In Israel's election campaign, a new party is formed almost every day

Tuesday saw both a new faction and a split in an existing one

January 09, 2019 11:19

With three months to go until Israelis go to the polls on April 9, barely a day goes by without a new party being formed, or an existing one splitting in two.

On Tuesday, both of those things happened: former IDF Brigadier-General Gal Hirsh launched his “Magen Yisrael” party, while veteran Arab-Israeli legislator Ahmad Tibi announced his Arab Renewal party was splitting from the Joint List, of which it had been part in the last Knesset.

This proliferation of lists has led to the bizarre situation where at least six vaguely centrist parties — Labour, Yesh Atid, Kulanu, Gesher, Hatnuah and Israel Resilience — all nearly indistinguishable when it comes to their platforms, are competing for the same voters.
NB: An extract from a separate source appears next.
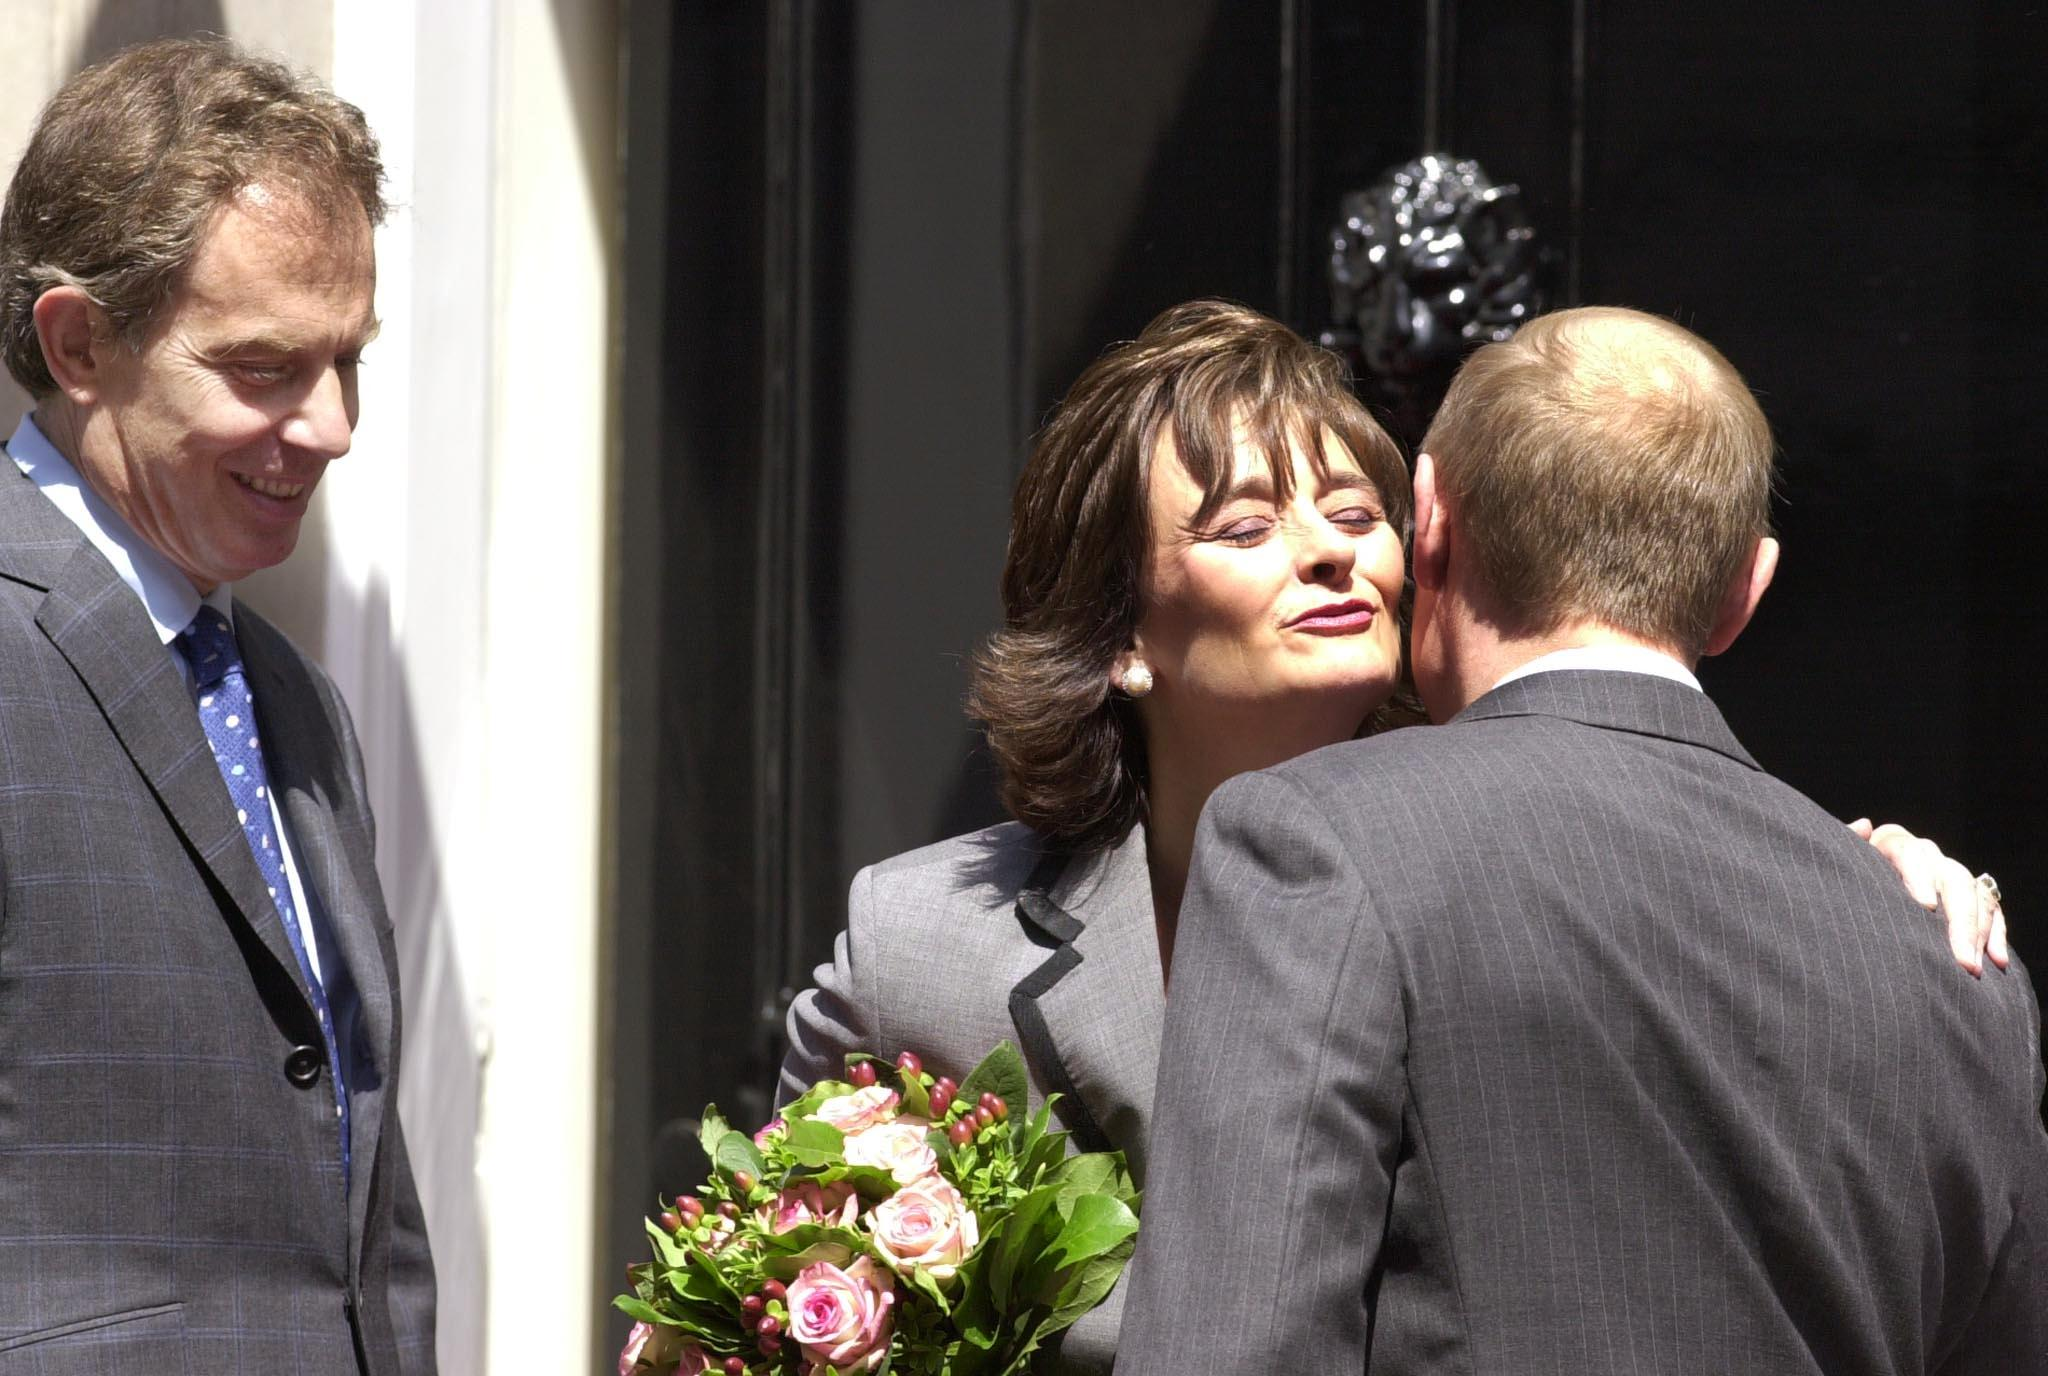 2003年6月イギリスのトニー・ブレア首相(当時)のシェリー・ブレア夫人が、プーチン大統領から花束を贈られ、お礼のキスをする。

Israel Resilience (“Hosen Yisrael” in Hebrew), the party founded only two weeks ago by former IDF Chief of Staff Benny Gantz, is now in second place after Likud in some polls — even though Mr Gantz has not made a single political statement.

With only 120 members, the Knesset is one of the smallest national parliaments in the world. Despite that, the number of parties represented in it remains high.
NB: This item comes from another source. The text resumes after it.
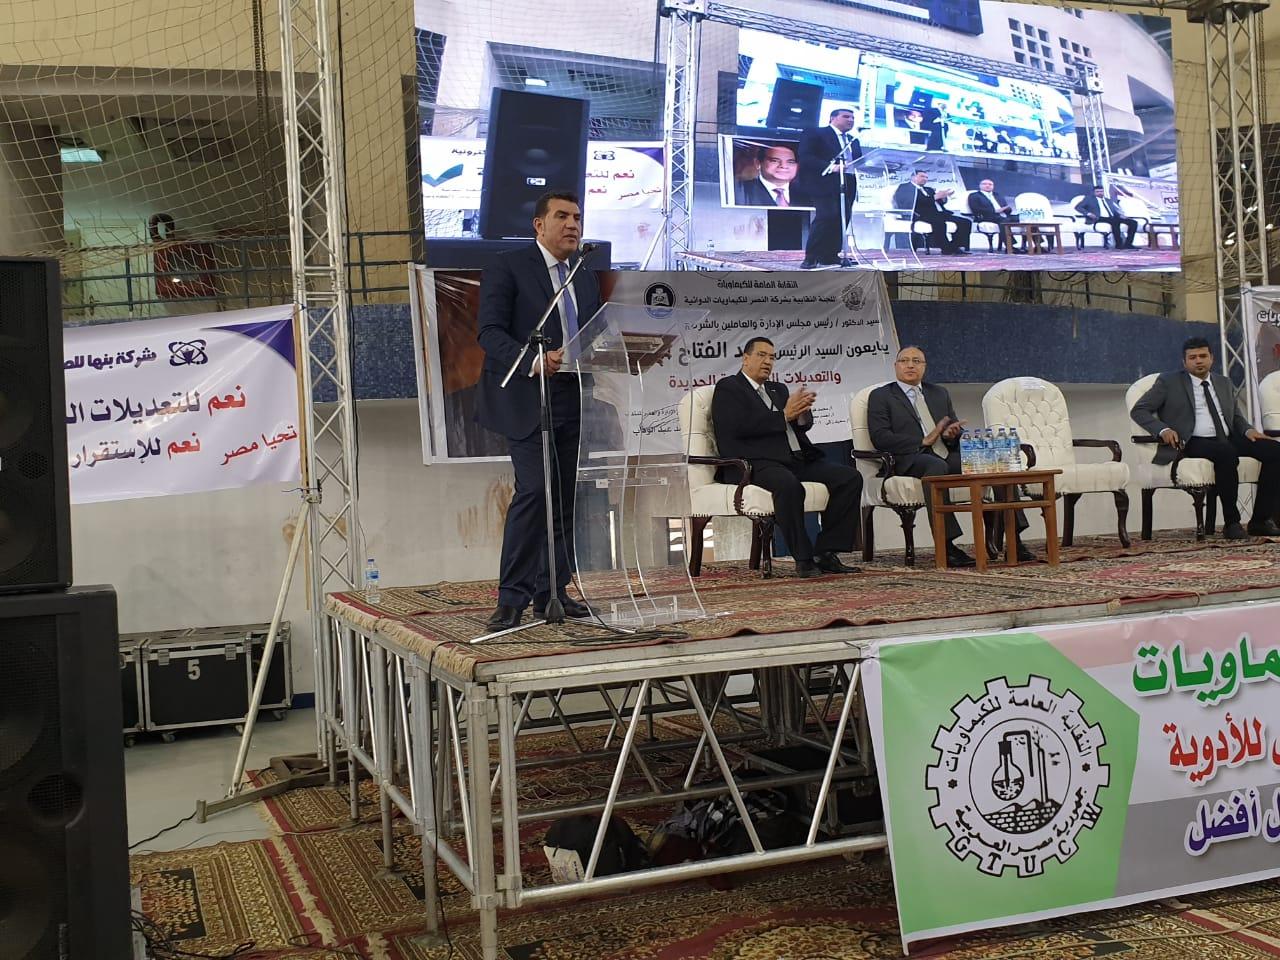 مؤتمر حاشد لتأييد التعديلات الدستورية لنقابة الكيماويات وشباب العمال
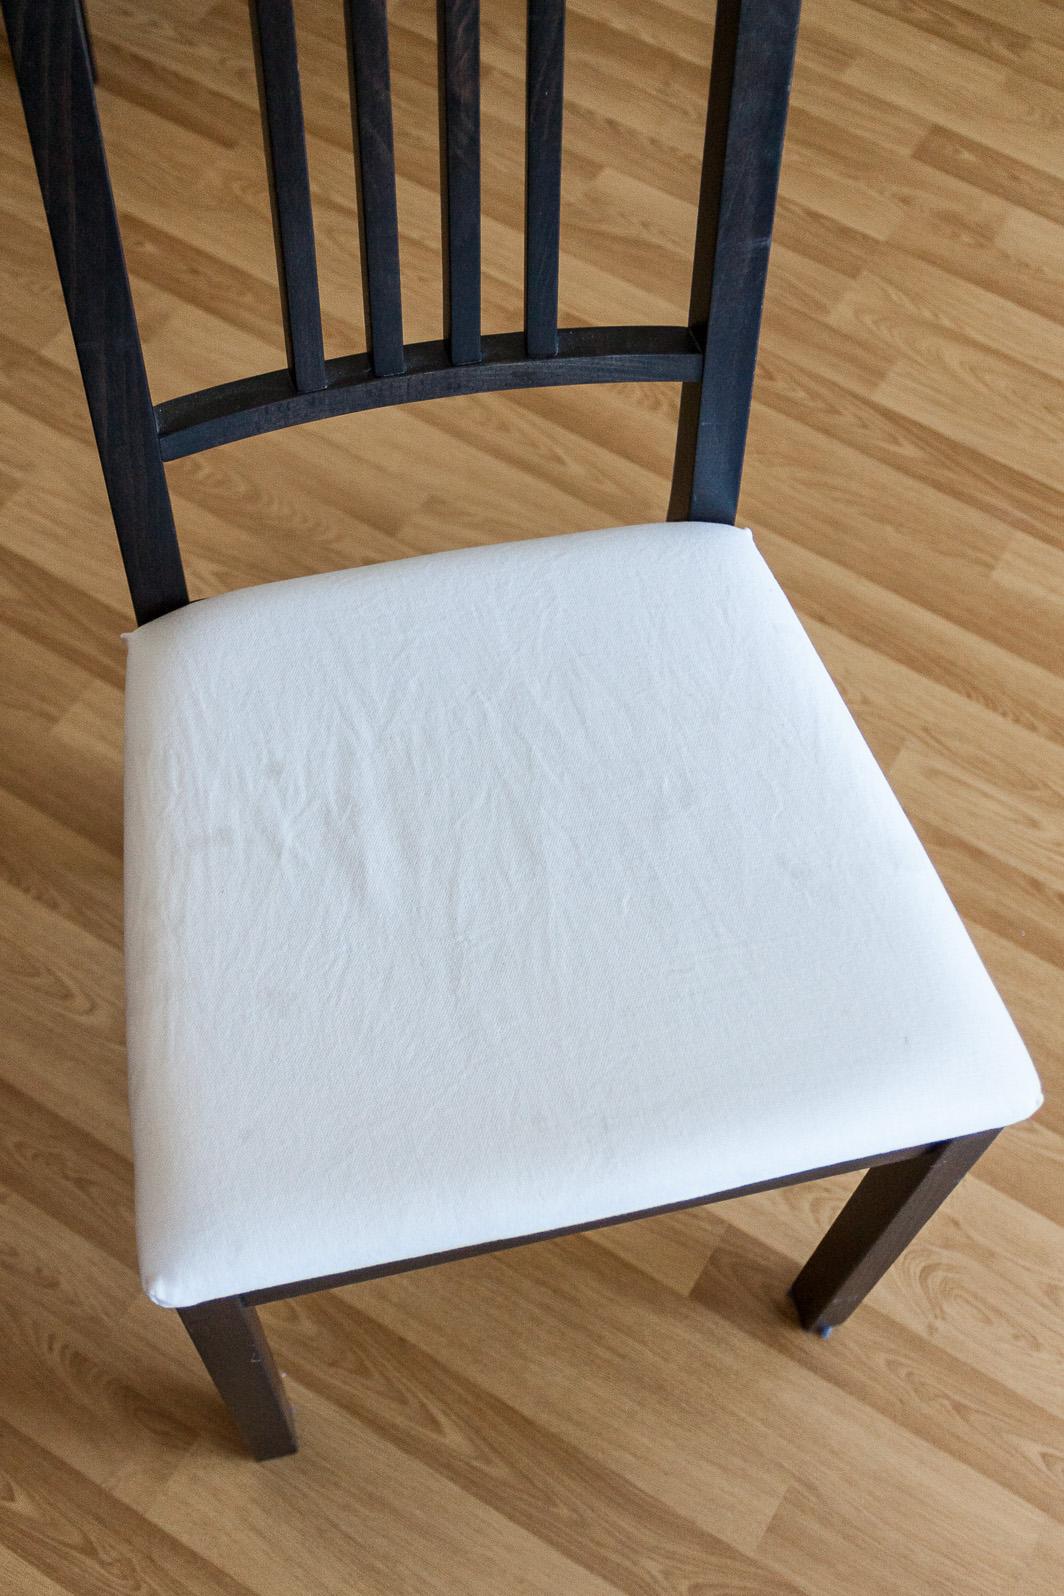 agencer et mijoter id e d co r housser des chaises avec de beaux torchons. Black Bedroom Furniture Sets. Home Design Ideas

In an attempt to limit the number of smaller parties, the electoral threshold — the share of votes parties must win before they can win seats — has been raised over the years, and now stands at 3.25 per cent.

But in 2015, ten parties still passed the threshold and this year, there will almost inevitably be more.

The threshold also means that the votes for parties that fall short are lost, forcing some factions to join forces and combine their forces.

They have until February 21, the deadline for parties to register their candidates with the central election commission.

One major consolidation of parties being mooted is of the three Charedi parties Agudath Yisrael and Degel Ha’Torah, which already cooperate in the United Torah Judaism list, joining forces with Shas.

In all the polls so far, Likud is in first place by a fairly large margin, with nearly a quarter of the votes.

However, with so many parties expected in the next Knesset, forming a coalition will be exceedingly difficult for Benjamin Netanyahu, especially as he intends to demand that coalition partners commit to supporting his government even if he is indicted for bribery.